What needs to be done → Your job with the data below is to output exactly the lines from the one holding "4 Glass Paperweights." down to the one holding "Bosch (Thermador) 11050013", both included, and no others.

Data extract →
━━━━━━━━━━━━━━━━

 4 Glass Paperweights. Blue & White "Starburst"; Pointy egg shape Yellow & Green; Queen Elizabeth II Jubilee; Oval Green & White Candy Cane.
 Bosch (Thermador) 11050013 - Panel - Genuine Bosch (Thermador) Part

━━━━━━━━━━━━━━━━

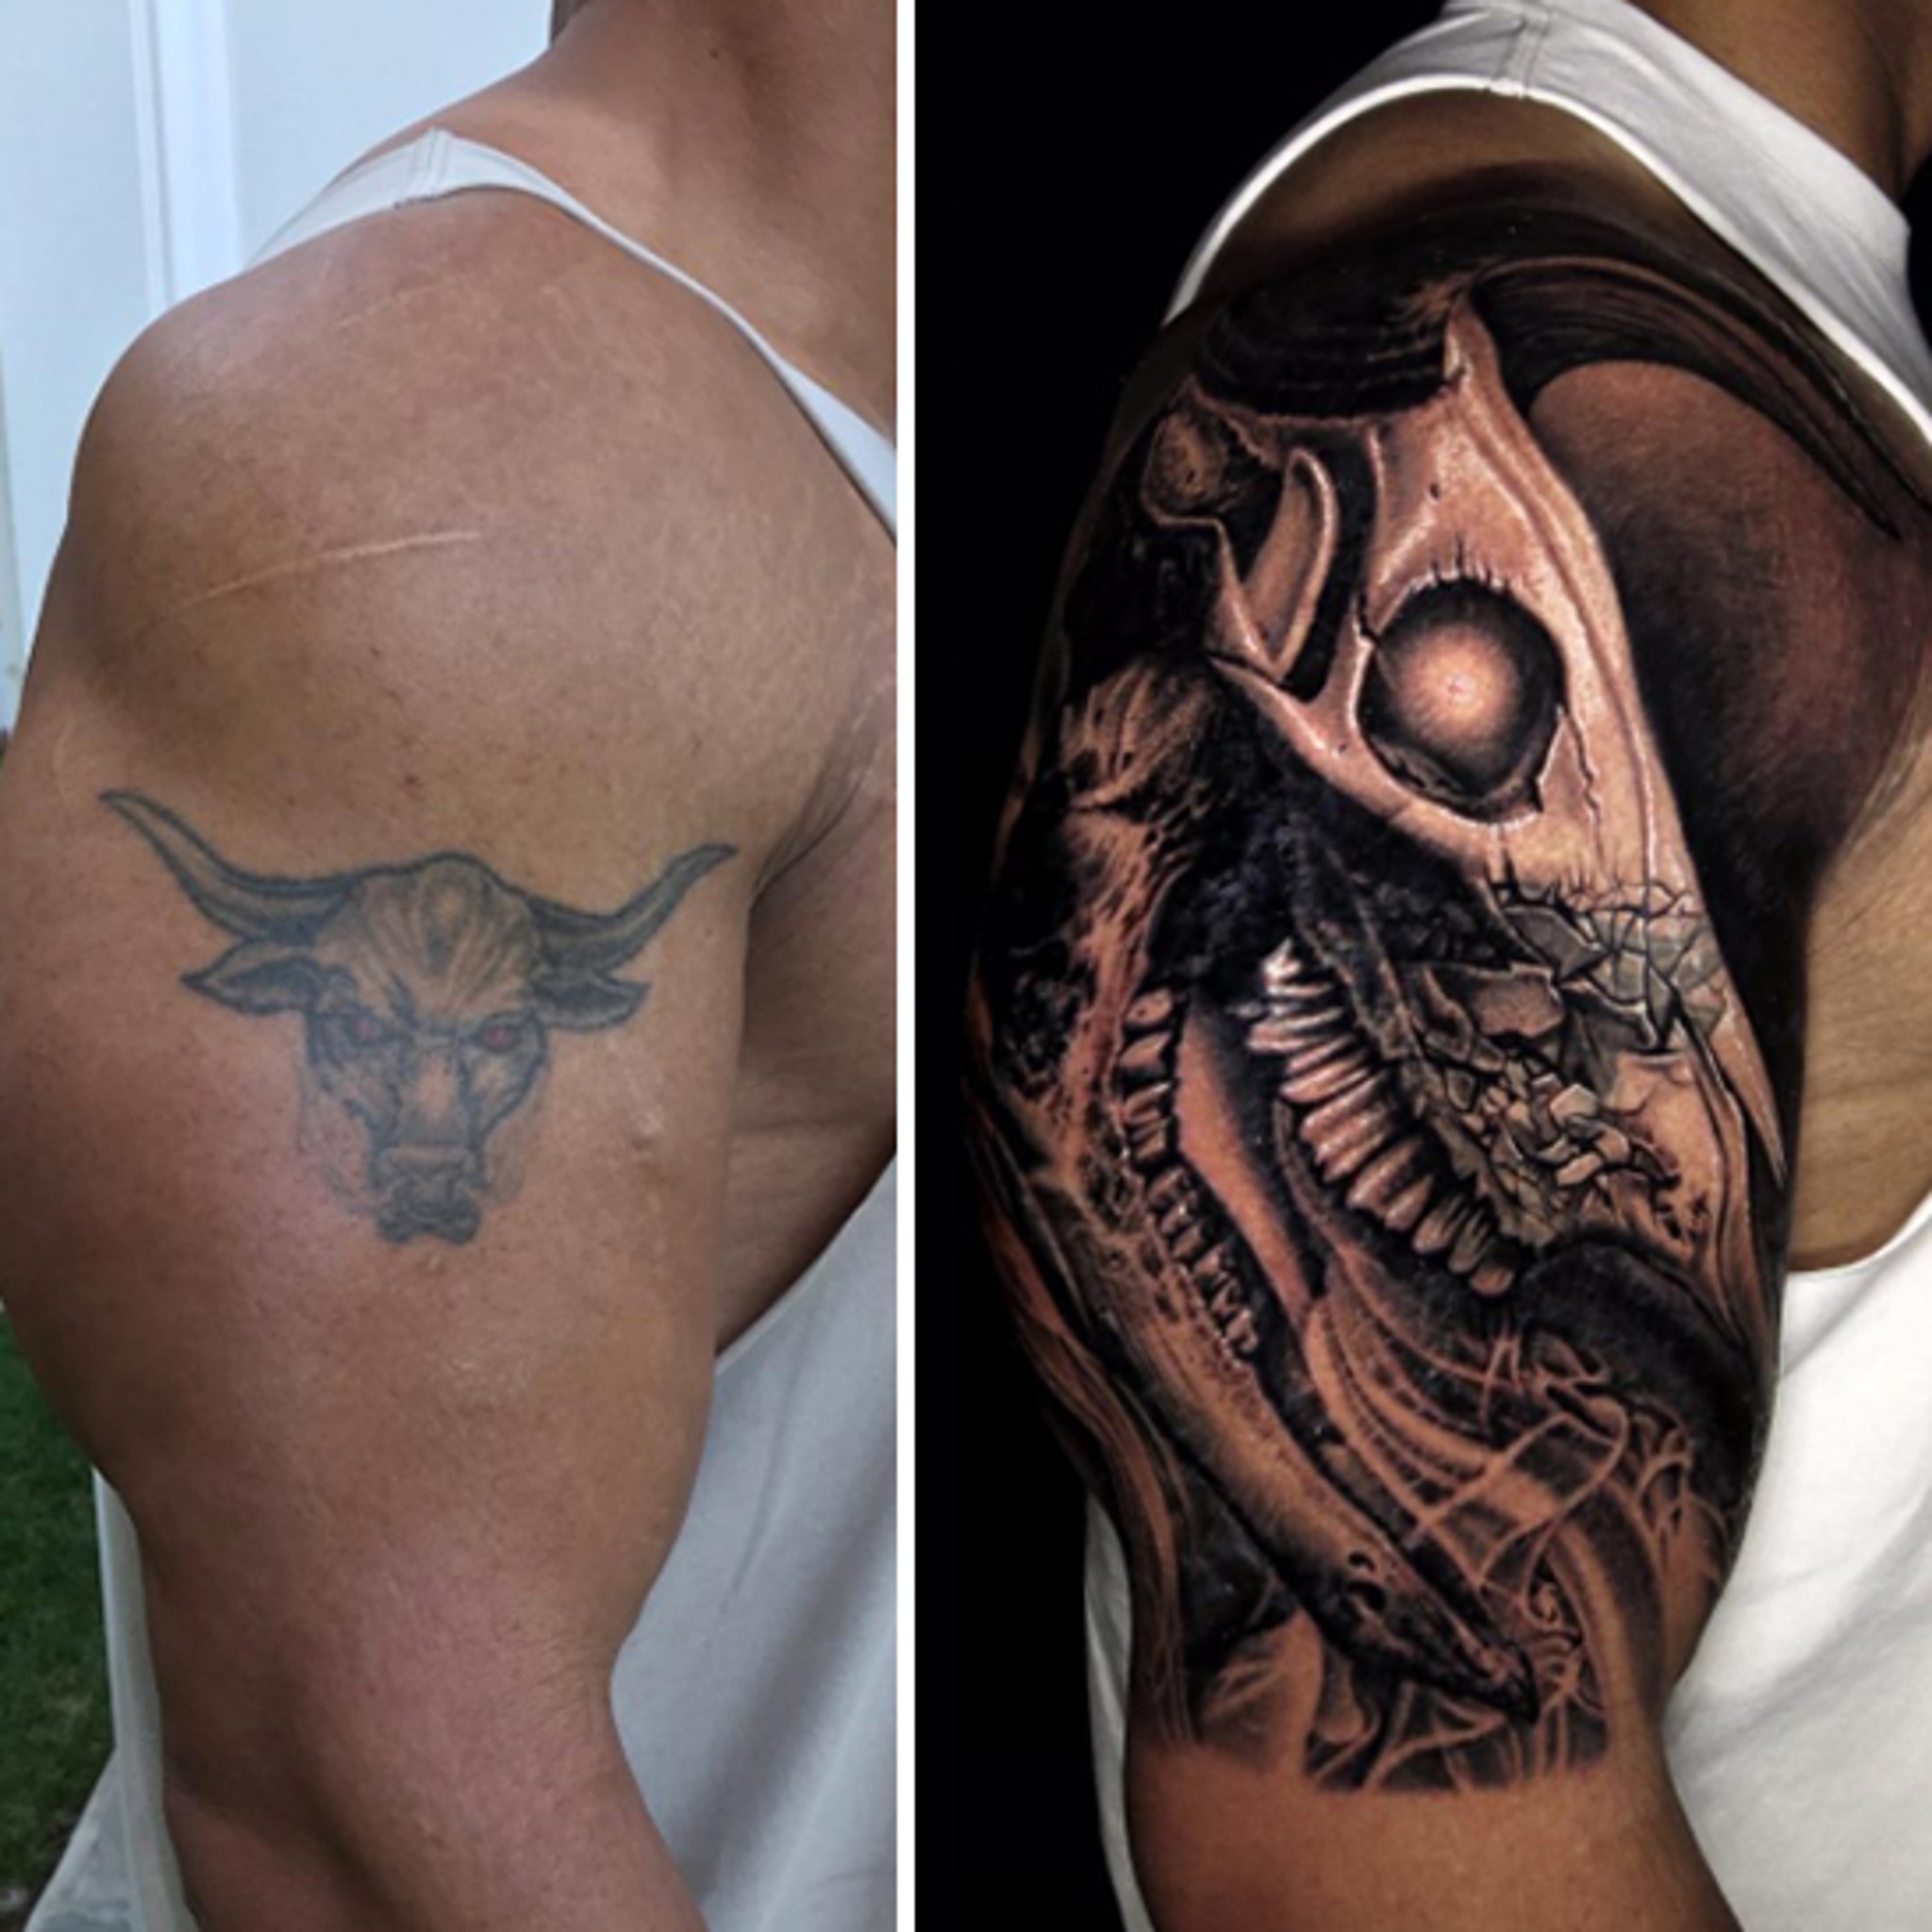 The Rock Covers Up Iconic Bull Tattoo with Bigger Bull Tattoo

━━━━━━━━━━━━━━━━

Written answer →
 4 Glass Paperweights. Blue & White "Starburst"; Pointy egg shape Yellow & Green; Queen Elizabeth II Jubilee; Oval Green & White Candy Cane.
 Bosch (Thermador) 11050013 - Panel - Genuine Bosch (Thermador) Part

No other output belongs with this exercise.